一方で、その影響力は諸刃の剣でもあります。
- 情報の真偽が確定する前に拡散される
- 当事者の反論や弁明が届かない
- 社会的制裁が先行し、後戻りできない
デスドルノートは「問題を可視化する力」と「暴走する危険性」を同時に持つ存在と言えます。
デスドルノートに代表される暴露系アカウントや、学校内のいじめ動画拡散には共通点があります。

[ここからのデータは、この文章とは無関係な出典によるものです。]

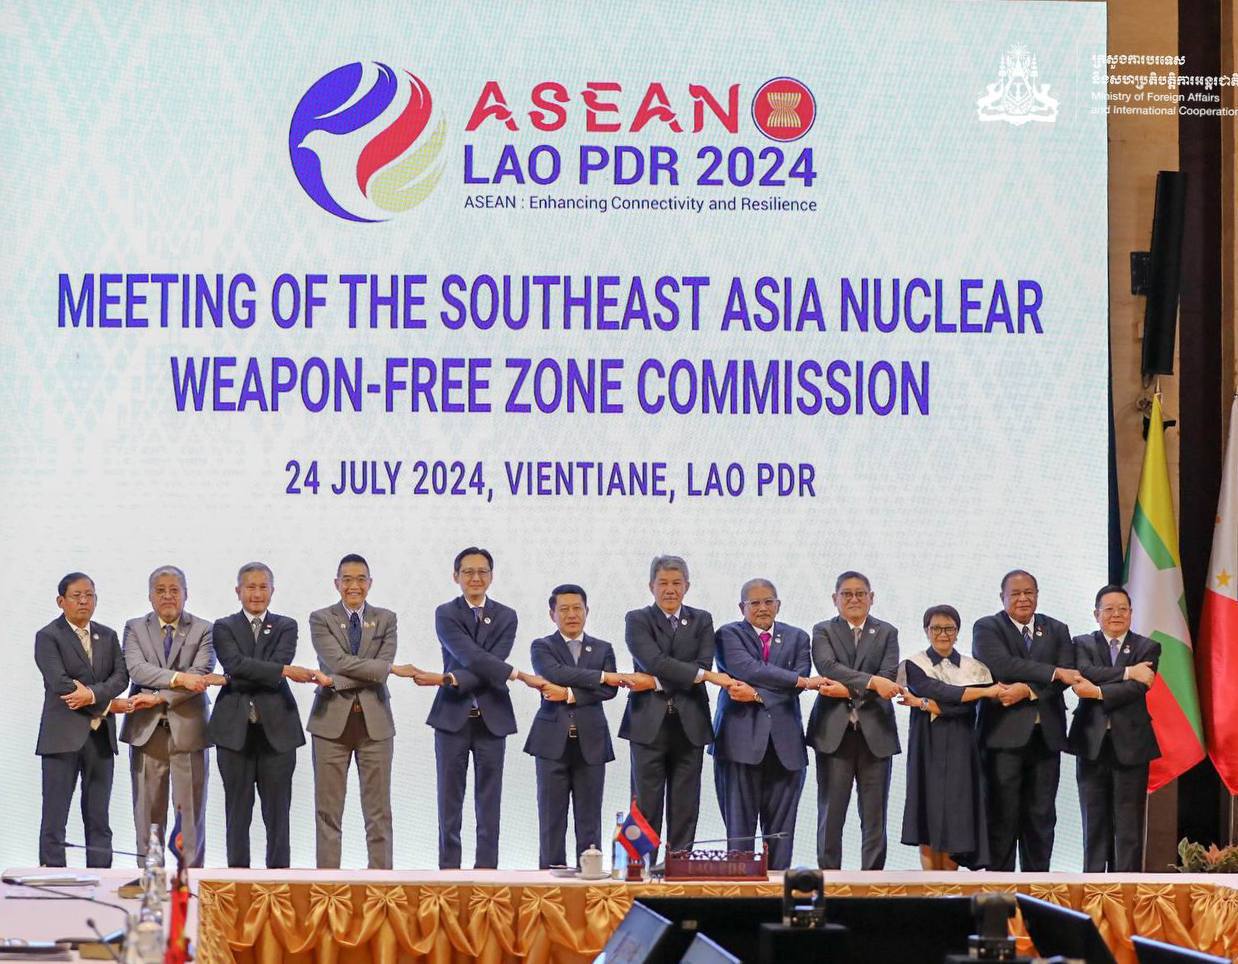 Outcomes of the Meeting of the Commission of the Southeast Asia Nuclear-Weapon-Free Zone and ASEAN Foreign Ministers’ Interface Meeting with ASEAN Intergovernmental Commission on Human Rights Representatives

- 本来は内部で処理・救済されるべき問題が外部化されている
- 公的機関が動かない、もしくは動きが極端に遅い
- SNS上で一気に可視化・炎上する
- 結果として、学校・教育委員会・警察・メディアが動かざるを得なくなる
つまり、制度が果たすべき役割をSNSが代替している状態です。
「是」とされる理由|結果として社会が動いた
肯定的に捉えられる最大の理由は、次の一点に集約されます。
結果として、隠蔽されていた問題が表に出て、社会が動いた
実際、次のようなケースは珍しくありません。
- 何年も訴えられていたいじめが放置されていた
- 内部調査という名のもとで事実が矮小化されていた
- 警察は「事件性なし」と判断していた
- メディアは裏が取れないとして報道を控えていた
しかしSNSで拡散された瞬間、
- 第三者委員会が設置される
- 再調査が始まる
- 警察が本格的に捜査に動く
- 全国ニュースとして報道される
この現実を見て、多くの人がこう感じます。
「最初からちゃんと対応していれば、拡散なんて必要なかったのではないか」
「非」とされる理由|私刑と冤罪のリスク
一方で、重大な問題点も存在します。
真偽が確定する前に拡散される
- 動画の一部だけが切り取られる
- 文脈や前後関係が省かれる
- 誤解やデマが混じる
それでも拡散は止まりません。
誰が裁いているのか分からない
- 裁く側は匿名
- 判断基準は不透明
- 間違っても訂正されにくい
これは法治ではなく、私刑に近い構造です。
無関係な人まで巻き込まれる
- 家族や同級生
- 別の学校・無関係な人物
- 名前が似ているだけの第三者
一度拡散された情報は、完全に消すことはできません。
「いじめ」という言葉では足りない実態
ここで、あえて強調しておくべき点があります。
SNSで拡散される事案の多くは、一般に「いじめ」と表現されていますが、
その実態は、いじめという言葉では到底収まらないものが大半です。
実際に投稿・拡散されている動画や証言の中身は、
- 複数人による長時間の暴行
- 抵抗不能な状況での殴打・蹴り
- 精神的に追い込むための脅迫や強要
- 撮影・共有を前提とした辱め行為
など、悪質で陰湿、かつ残虐と呼ぶべき内容が目立ちます。
これらは単なる「いじめ」ではなく、
刑法上の暴行罪・傷害罪に該当し得る行為であり、
本来は学校内の指導や教育の範疇を明確に超えています。
それにもかかわらず、
- 学校は「いじめ事案」として矮小化し
- 教育委員会は内部処理にとどめ
- 警察は事件性を認めない
という対応が繰り返されてきました。
この言葉のすり替えこそが、問題を深刻化させています。
被害者はなぜSNSに向かうのか
ここで重要なのは、
被害者がSNSを「選んでいる」のではないという点です。
多くの場合、順番はこうです。
- 学校に相談
- 教育委員会に相談
- 警察に相談
- それでも動かない
結果として、
SNSにしか反応してくれる場所が残っていなかった
という状態に追い込まれています。
これは承認欲求ではなく、救済の最後の手段としての行動です。
SNSは正義の装置か、それとも圧力装置か
SNSは決して「正義」を判断する場ではありません。
しかし現実には、
- 法よりも
- 事実認定よりも
- 世論と炎上
が、組織を動かしている側面があります。
「正しいから動いた」のではなく、
「燃えたらまずいから動いた」
この逆転現象こそが、問題の本質です。
是か非かを分ける問い
ここで、読者に問いを投げかけます。
- 公的機関が機能していない状況で、被害者は沈黙すべきか
- 拡散しなければ救われない現実を、誰が作ったのか
- 動かない制度と、暴走しやすいSNS、どちらがより危険なのか
- あなたが当事者だった場合、他に選択肢はあるのか
結論を出さないという結論
デスドルノートやいじめ動画拡散は、
- 無条件に「是」と言えるものではない
- しかし単純に「非」と切り捨てられるものでもない
それは、
本来機能すべき制度が壊れている社会の鏡だからです。
もし学校・教育委員会・警察・メディアが
最初から誠実に、迅速に動いていれば、
この問い自体が生まれることはなかったでしょう。
是か非か。
その答えは、SNSの向こう側ではなく、
私たちが許容してきた社会のあり方の中にあります。